A Node.js server reads manifest.json once at startup and exposes a helper that templates use to produce the correct <script> and <link> tags:

// server/assets.js
import { readFileSync } from 'fs';
import { join } from 'path';

const MANIFEST_PATH = join(process.cwd(), 'dist', 'manifest.json');

let manifest = {};

export function loadManifest() {
  const raw = readFileSync(MANIFEST_PATH, 'utf8');
  manifest = JSON.parse(raw);
}

export function assetUrl(logicalName) {
  const hashed = manifest[logicalName];
  if (!hashed) {
    throw new Error(`Asset not found in manifest: ${logicalName}`);
  }
  // Prepend CDN origin in production
  const base = process.env.CDN_ORIGIN ?? '';
  return `${base}/${hashed}`;
}

In an Express template or a framework server component:

// server/index.js
import express from 'express';
import { loadManifest, assetUrl } from './assets.js';

loadManifest();

const app = express();

app.get('/', (req, res) => {
  res.send(`<!doctype html>
<html lang="en">
<head>
  <meta charset="utf-8">
  <title>My App</title>
  <link rel="stylesheet" href="${assetUrl('main.css')}">
</head>
<body>
  <div id="root"></div>
  <script type="module" src="${assetUrl('app.js')}"></script>
</body>
</html>`);
});

app.listen(3000);

When the build produces a new hash for app.js, assetUrl('app.js') returns the new URL automatically on the next server restart. No template edits needed.

This pattern integrates directly with CI/CD asset pipeline workflows where the manifest is uploaded as a build artifact and the server restarts after deployment.

Verification

# 1. Confirm manifest was emitted and is valid JSON
cat dist/manifest.json | python3 -m json.tool

# 2. Check that every value in the manifest points to an existing file
node -e "
const m = JSON.parse(require('fs').readFileSync('dist/manifest.json', 'utf8'));
let ok = true;
for (const [key, file] of Object.entries(m)) {
  const exists = require('fs').existsSync('dist/' + file);
  if (!exists) { console.error('MISSING:', file); ok = false; }
}
if (ok) console.log('All', Object.keys(m).length, 'manifest entries resolve to files.');
"

# 3. Verify hash appears in every asset filename
node -e "
const m = JSON.parse(require('fs').readFileSync('dist/manifest.json', 'utf8'));
const unhashed = Object.values(m).filter(f => !/[a-f0-9]{8}/.test(f));
if (unhashed.length) { console.error('No hash found in:', unhashed); process.exit(1); }
console.log('All filenames contain a hex hash.');
"

# 4. Check S3 object metadata after upload
aws s3api head-object \
  --bucket my-bucket \
  --key "assets/app-3f9a2c1b.js" \
  --query 'CacheControl'
# Expected: "public, max-age=31536000, immutable"

When to reconsider

The manifest approach adds a file-read on every server startup and a key-lookup on every HTML render.
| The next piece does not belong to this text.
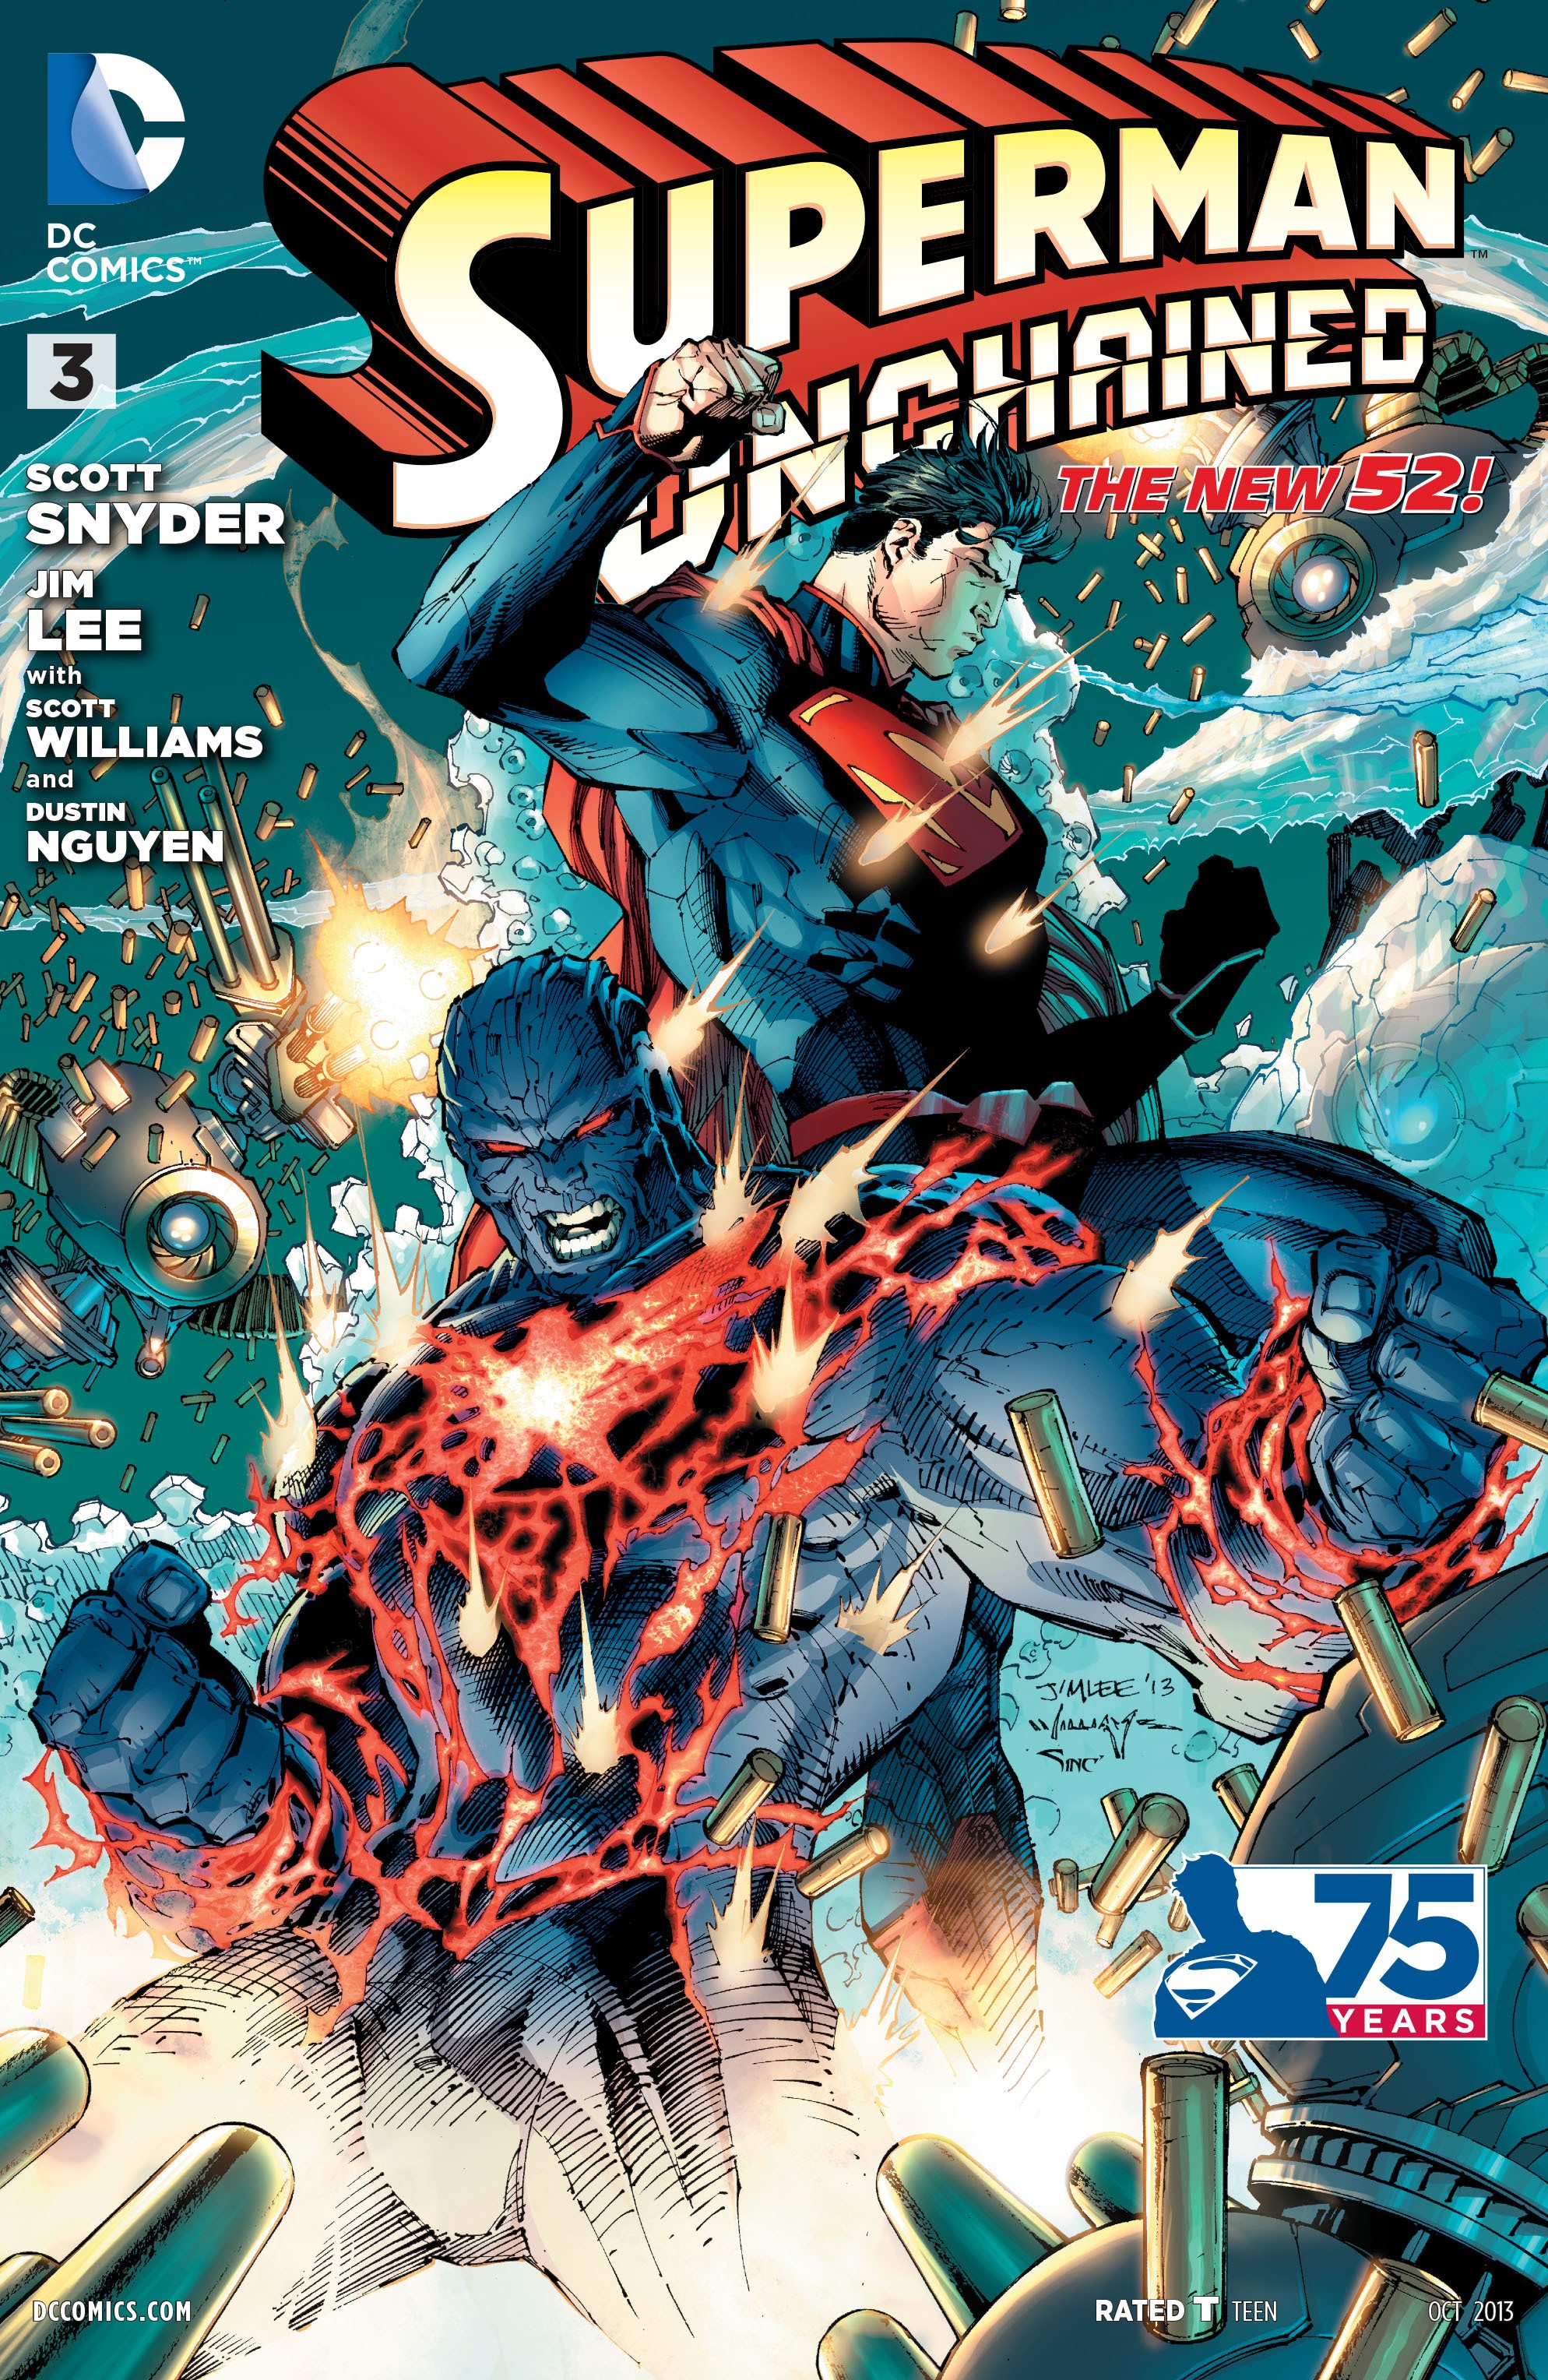 Superman Unchained Vol. 1 #3

For static sites built with a tool that writes HTML at build time (Astro, Eleventy, Hugo), the manifest intermediary is unnecessary — the build tool can inject hashed URLs directly into the HTML output. See the Astro build-time hashing guide for that pattern.

The manifest is also not needed if you serve assets from a path that carries the build hash at the directory level (for example, /release/abc123/assets/app.js). In that case the HTML simply embeds the release hash once, and all asset references are relative. The trade-off is that this invalidates every asset on every release, even unchanged ones — the opposite of content-addressed deterministic build outputs.